Baiklah!!! Aku akan melakukan ini dengan cepat, setelah itu akan ke kamar Vanya, batin Purnomo.
Purnomo pun mengikuti ajakkan Anita, di dalam benaknya terbayang lekuk indah tubuh Vanya, dia jadi penasaran seperti apa ketika Vanya tanpa busana.
Sedangkan Vanya, dia masuk kamar dan mengunci pintunya. Dia menghela napas lega, dan tersenyum puas. Karena rencananya dengan Anita berjalan dengan mulus, Vanya bisa tidur nyenyak untuk malam ini.
Purnomo terburu-buru, hingga tidak bisa menikmati malam bersama Anita. Anita terus saja minta tambah jatah.
"Anita Sayang, Mas capek. Tidur yuks!!!" bujuk Purnomo.
Mereka dalam satu selimut tanpa mengenakan busana, dan sekali lagi Anita menghalangi Purnomo untuk tidur bersama Vanya dengan cara memeluk erat tubuh suaminya. Seolah dia takut jika suaminya kabur. Purnomo berpura-pura memejamkan mata serta menunggu sampai Anita tertidur.
Satu jam sudah Purnomo menunggu, dengan pelan dia melepas pelukan Anita dan menggantinya dengan guling.
"Saatnya ke istri mudaku. Hehe!!" lirih Purnomo dengan bersemangat.
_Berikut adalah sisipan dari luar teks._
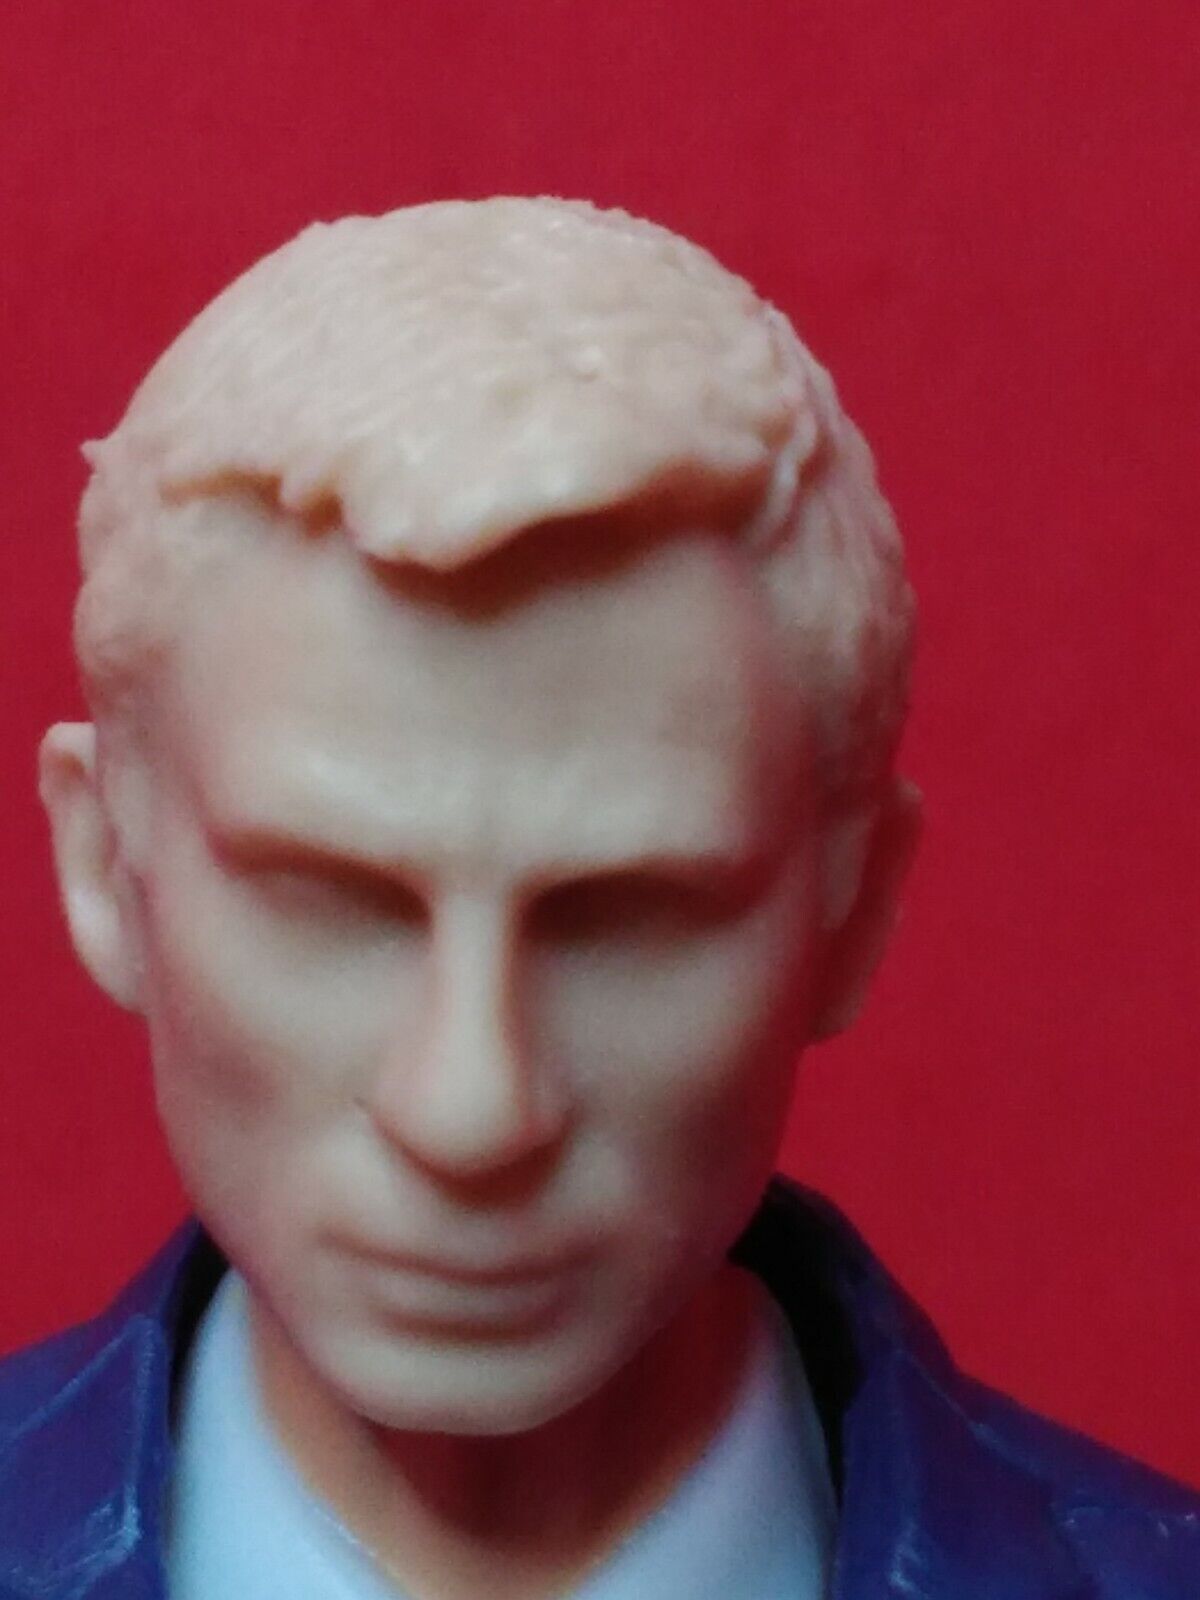 MH192 Custom Cast James Bond head sculpt for use with 1:18th scale GI Joe

Dia dengan cepat keluar menggunakan celana pendeknya dan memutar kenop pintu Vanya.
"Loh dikunci!!!" gumam Purnomo gelisah.
"Vanya!!! Vanya!!" panggil Purnomo sambil mengetuk pintunya.
Vanya yang ada di dalam sudah tertidur pulas, dengan mendengarkan musik menggunakan earphone.
Purnomo terlihat mulai kesal, karena dia memanggil Vanya yang tidak ada jawaban. Purnomo pun mengacak rambutnya, lalu kembali ke kamar dan tidur bersama Anita.
Sarapan pagi itu tidak membuat Purnomo berselera, setelah selesai mandi, dia langsung pergi bekerja. Di dalam mobil dia terus mengepal tangannya, dan berteriak memukul kemudi yang dia pegang.
Hari ini suasana hati Purnomo memburuk, dia harus menahan amarahnya dengan terpaksa tersenyum. Ciri khas yang dia bentuk di mata orang luar adalah ramah dan baik hati.
Di dalam kantornya, dia meminta Murti untuk datang menemuinya. Setelah mereka berdua dalam satu ruangan, Purnomo marah melempar asbak dan membentur tembok.
"Murti!!! Didik anakmu dengan benar!!! Ajari dia untuk patuh terhadap suaminya!!" gertak Purnomo.
Murti hanya menunduk, ketika amarah Purnomo meledak. Dia tidak berani menjawabnya, menatap mata Purnomo saja takut.
Bagaimana cara aku mendidiknya?? Vanya kan sudah keluar dari daftar keluarga Kencana, batin Murti.